Although huge progress has been made in improving the outcomes of pediatric or childhood cancers in Europe, patients and survivors are still facing huge challenges that have to be addressed, says a new report.
The European Society for Pediatric Oncology (SIOPE) presented a report in the ongoing European Cancer Congress in Vienna, Austria. The strategic plan is designed to enhance the quality of life of survivors and cure rate of pediatric cancer patients within the next decade.
In Europe, the cancer cure rate is about 80% and cancers affecting children are considered rare. However, more than 5,500 of them still die from the disease.
Further, according to the report, by 2020, around 250,000 of these children will continue to experience the side effects of their treatments that can be significant enough they can reduce the quality of life. Children who have been diagnosed with pediatric cancers also have a higher mortality risk than the general population even after they have gone past the 5-year survival period.
SIOPE's president Gilles Vassal, who also works as a professor of Institut Gustave Roussy in France, confirms pediatric cancer remains to be a serious problem affecting not only the patients but also their families and even the health services.
Other problems that the report cited included the lack of funding and attention from the governments that seem to think that because of the high cure rate, more focus should be provided to adult oncology. Moreover, although new drugs for patients are available, patients don't have sufficient access to them. There's also the disparity of treatment, which impacts the rate of survival of patients.

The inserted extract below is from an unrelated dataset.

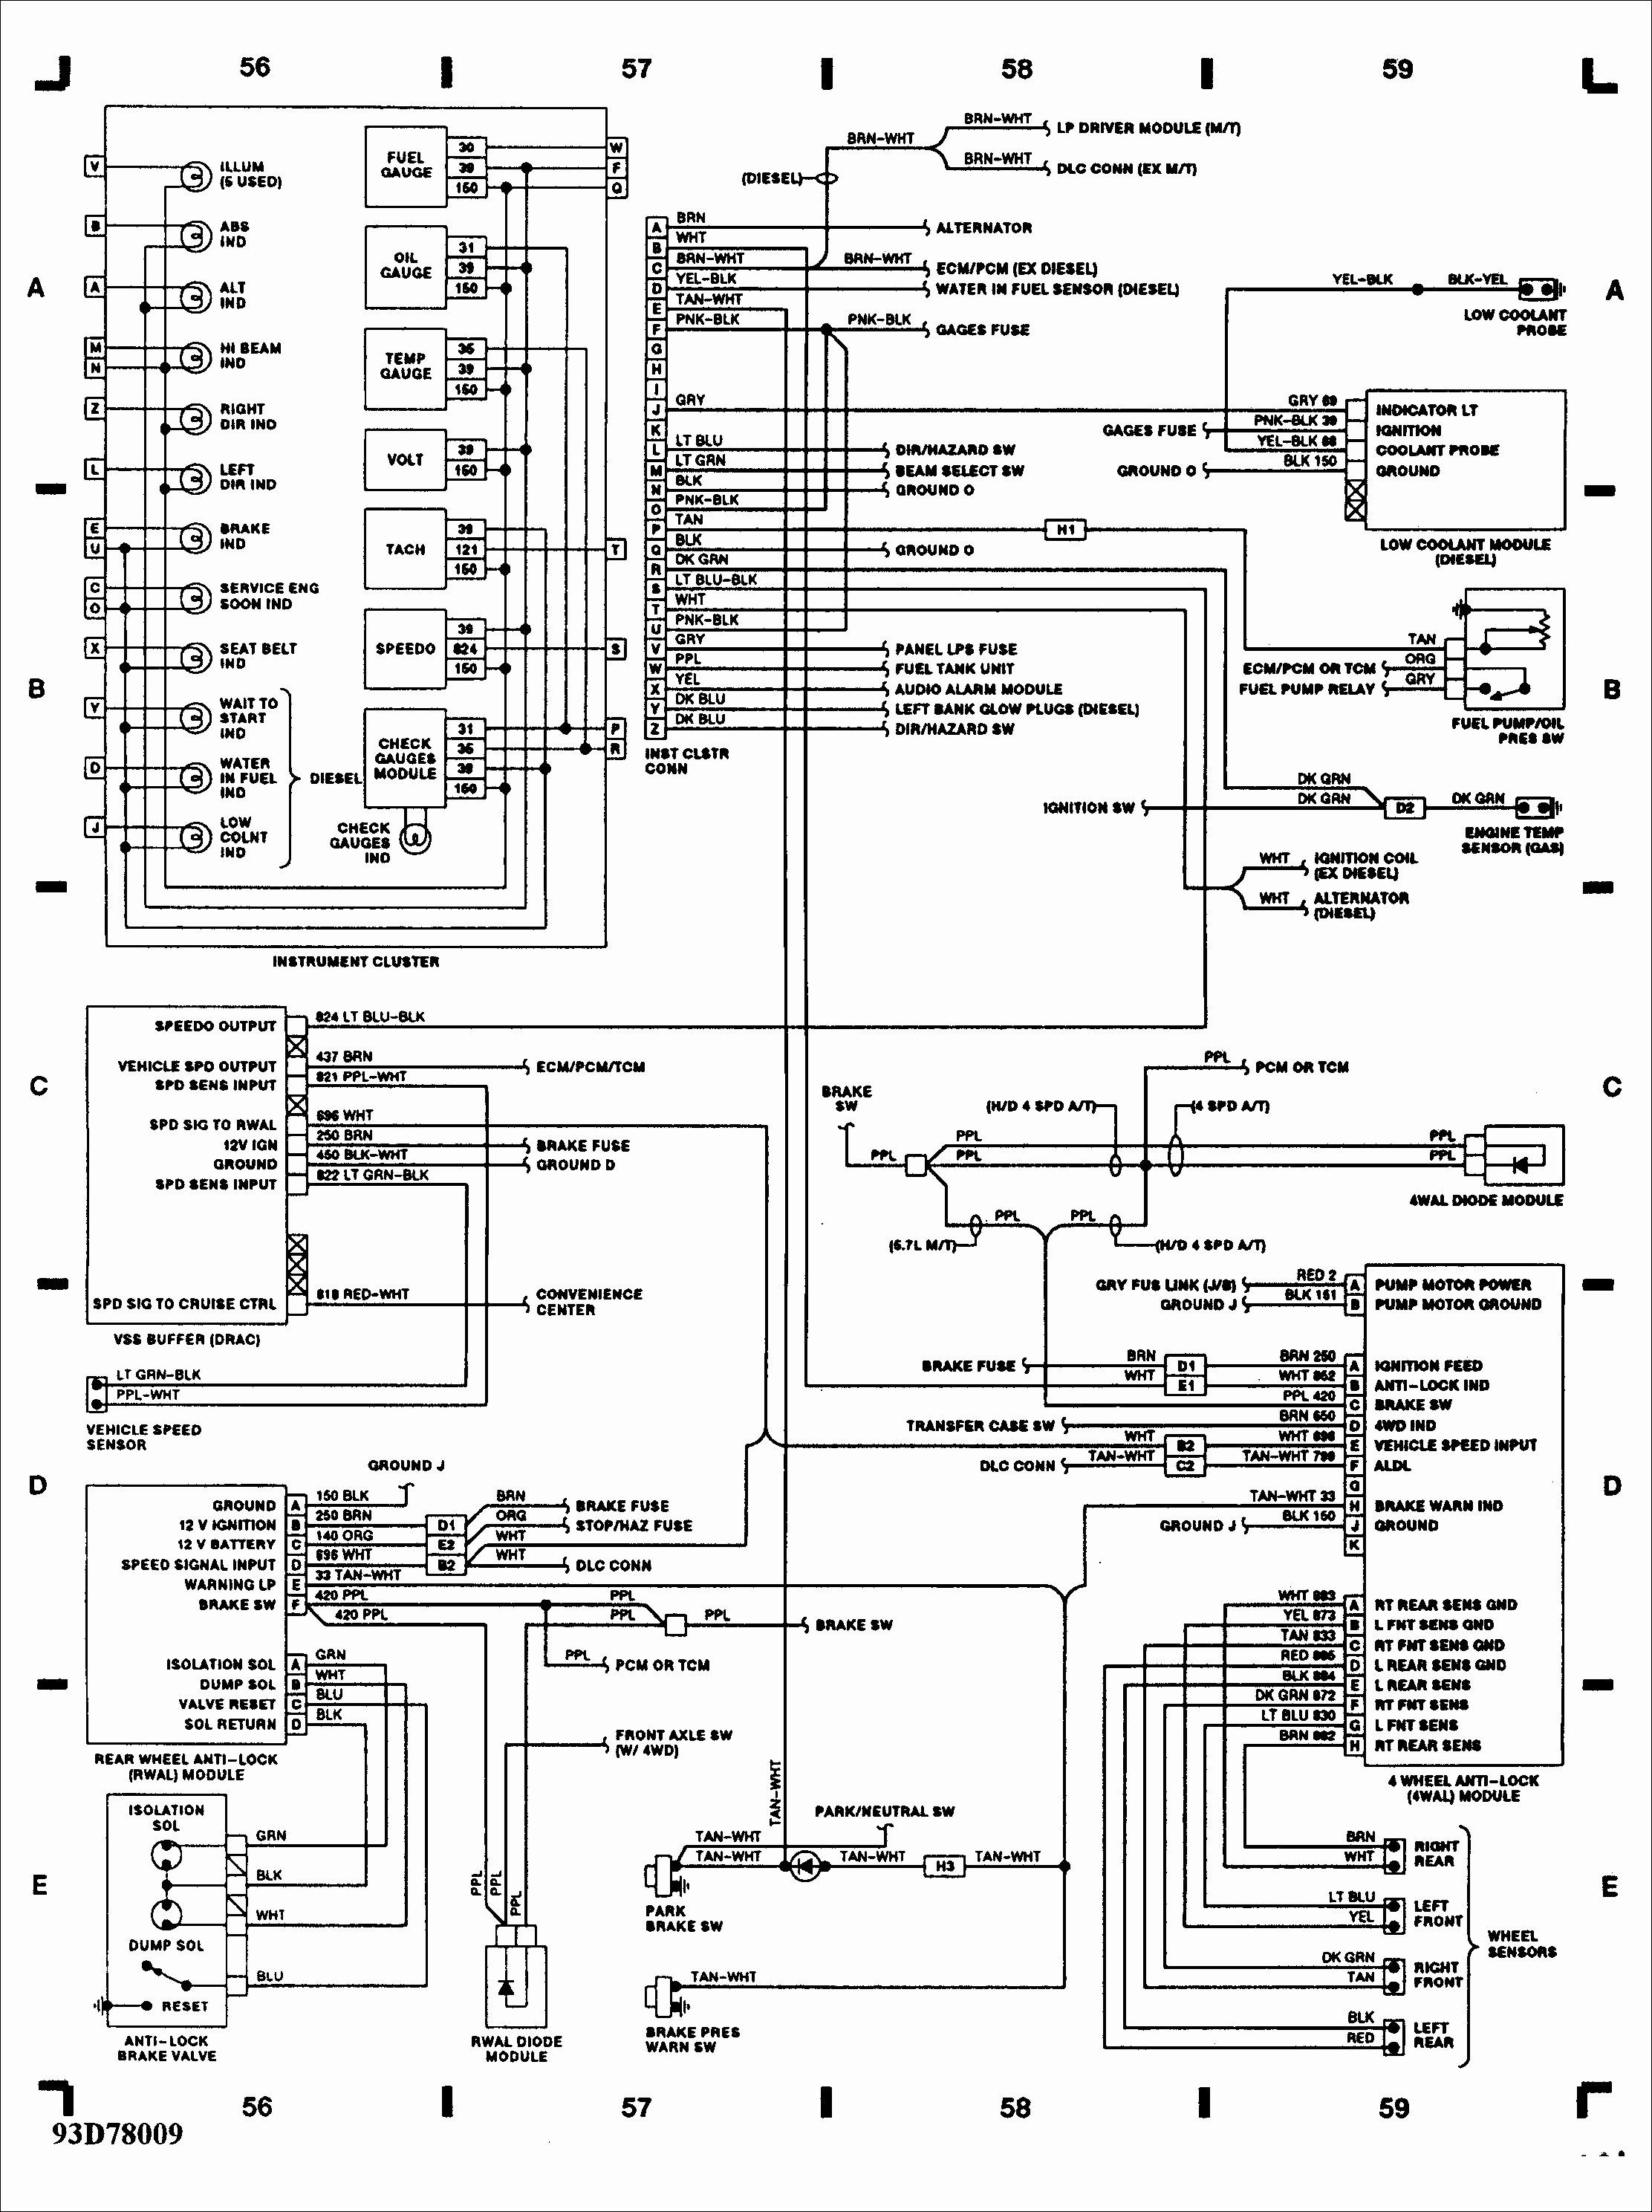 Throttle Valve Diagram Wiring Diagram Ac Save Smc Valve ... on smc plug, smc switch, smc connector,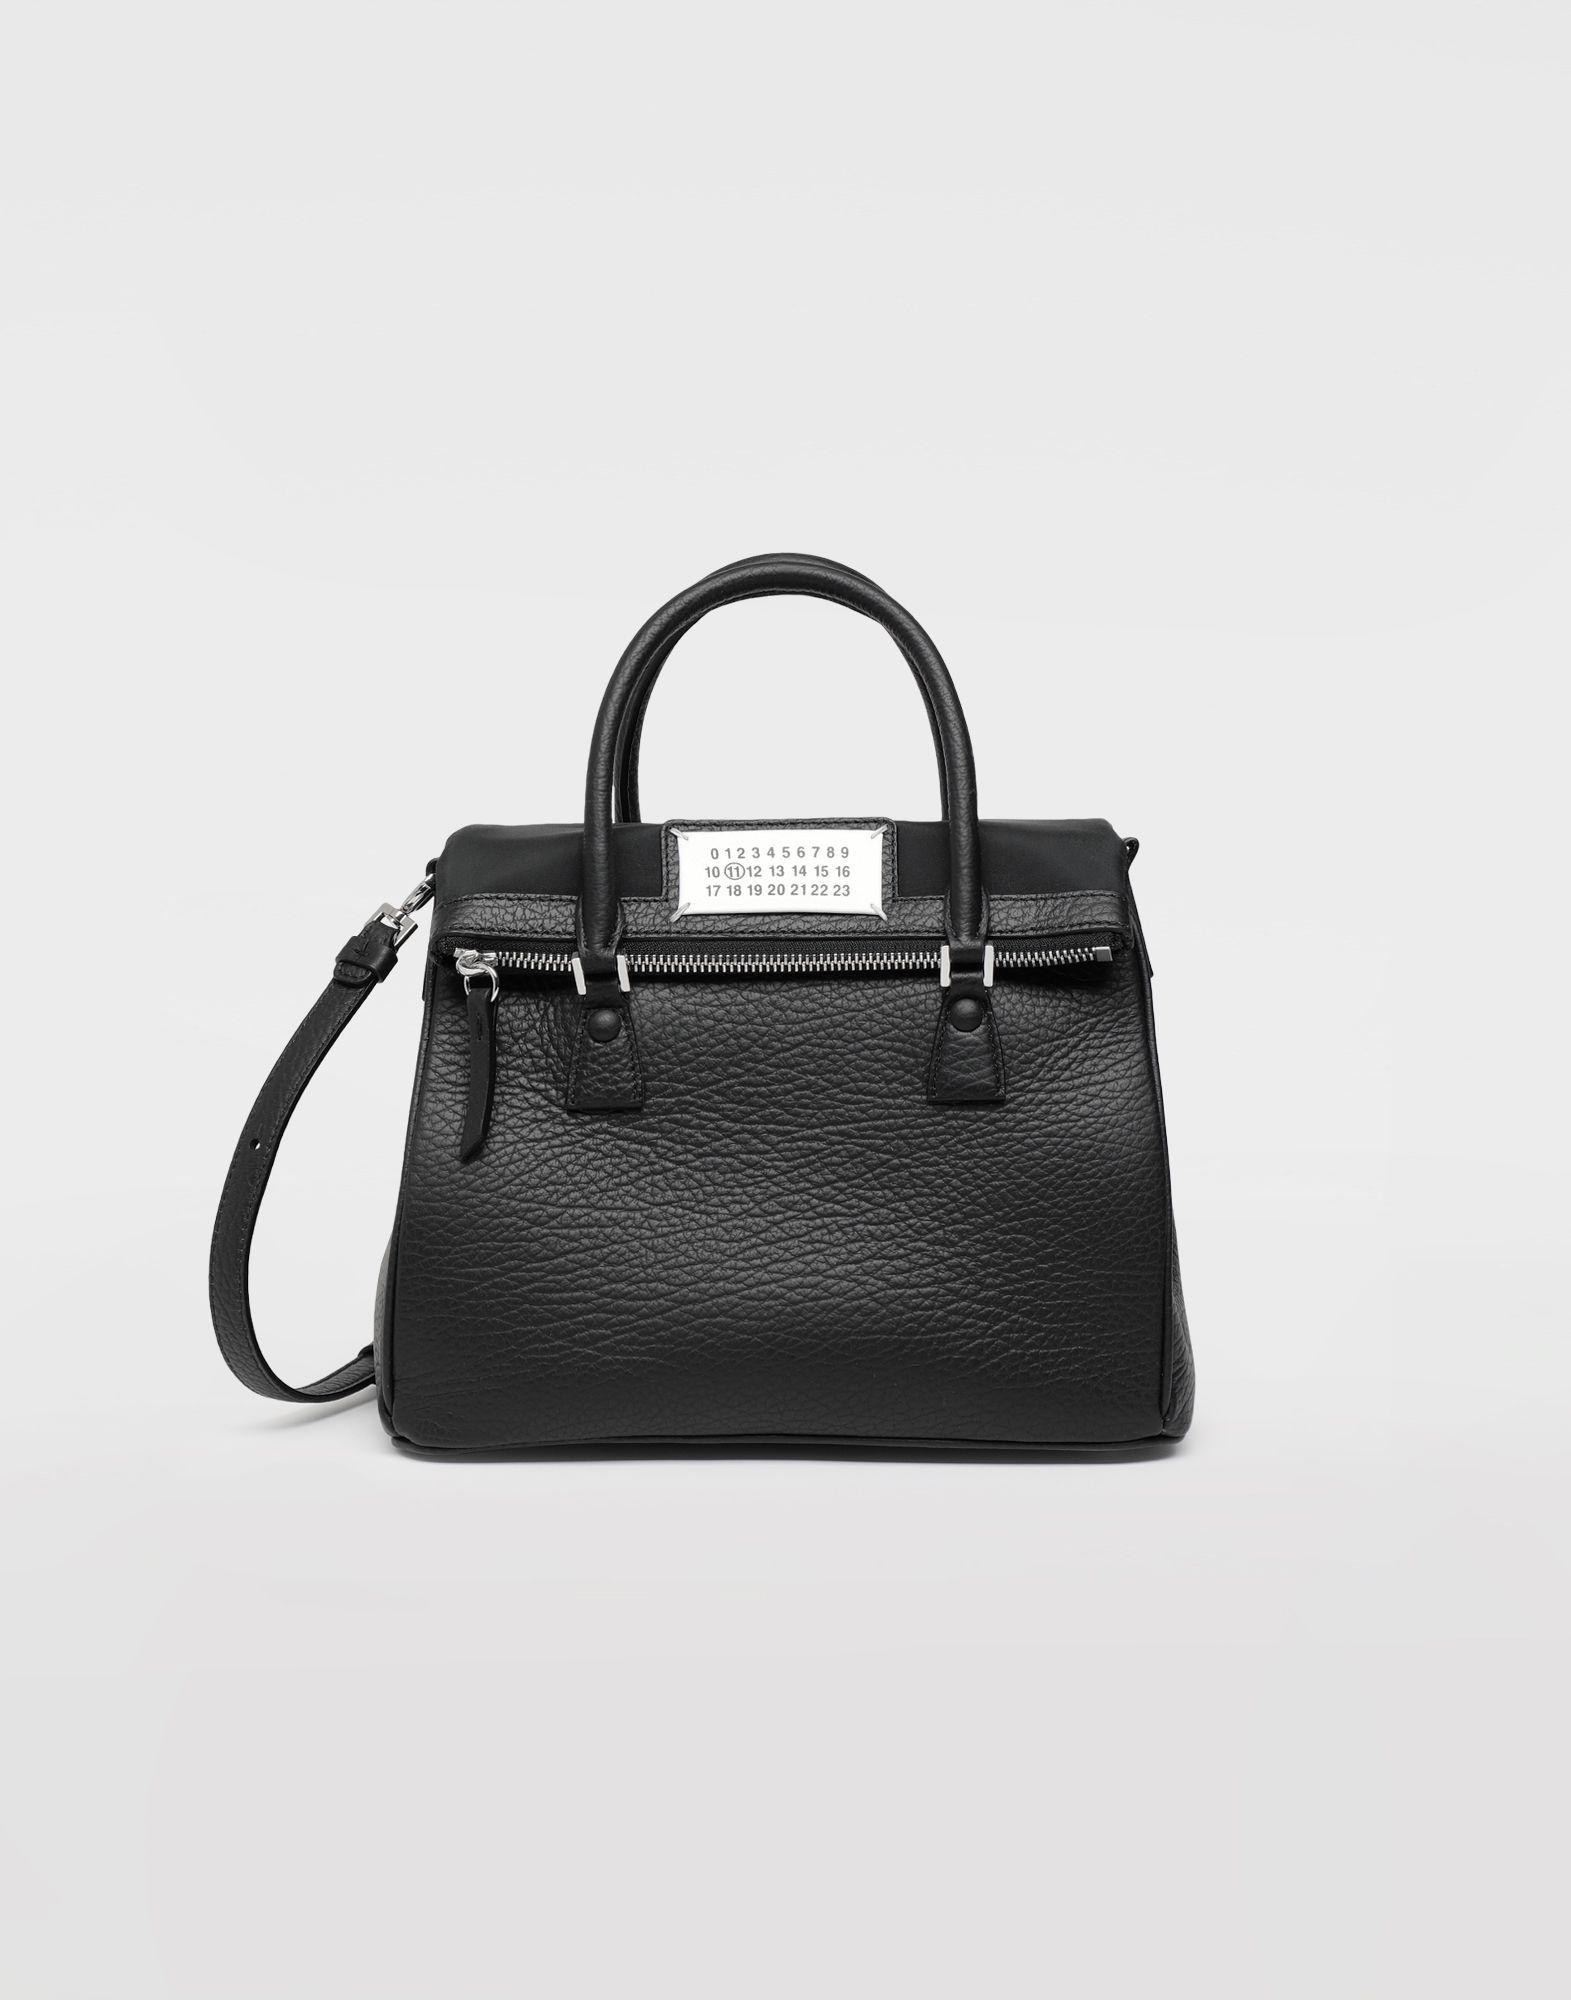 MAISON MARGIELA 5AC 3-pockets bag Handbag Woman f

The strategic plan then recommends key steps to address these challenges, such as financing commitment for projects that support pediatric oncology, enhanced collaboration with cancer patients and their families, and transparent partnerships with industry. It also suggests a "survivorship passport" for all survivors. With the goal of improving quality of life, it shall contain their disease and treatment history for easy follow-up as well as a database for research.
The plan was created after intensive consultations with relevant parties such as patients, survivors, and their families. It is also part of the European Network for Cancer Research in Children and Adolescents (ENCCA) project.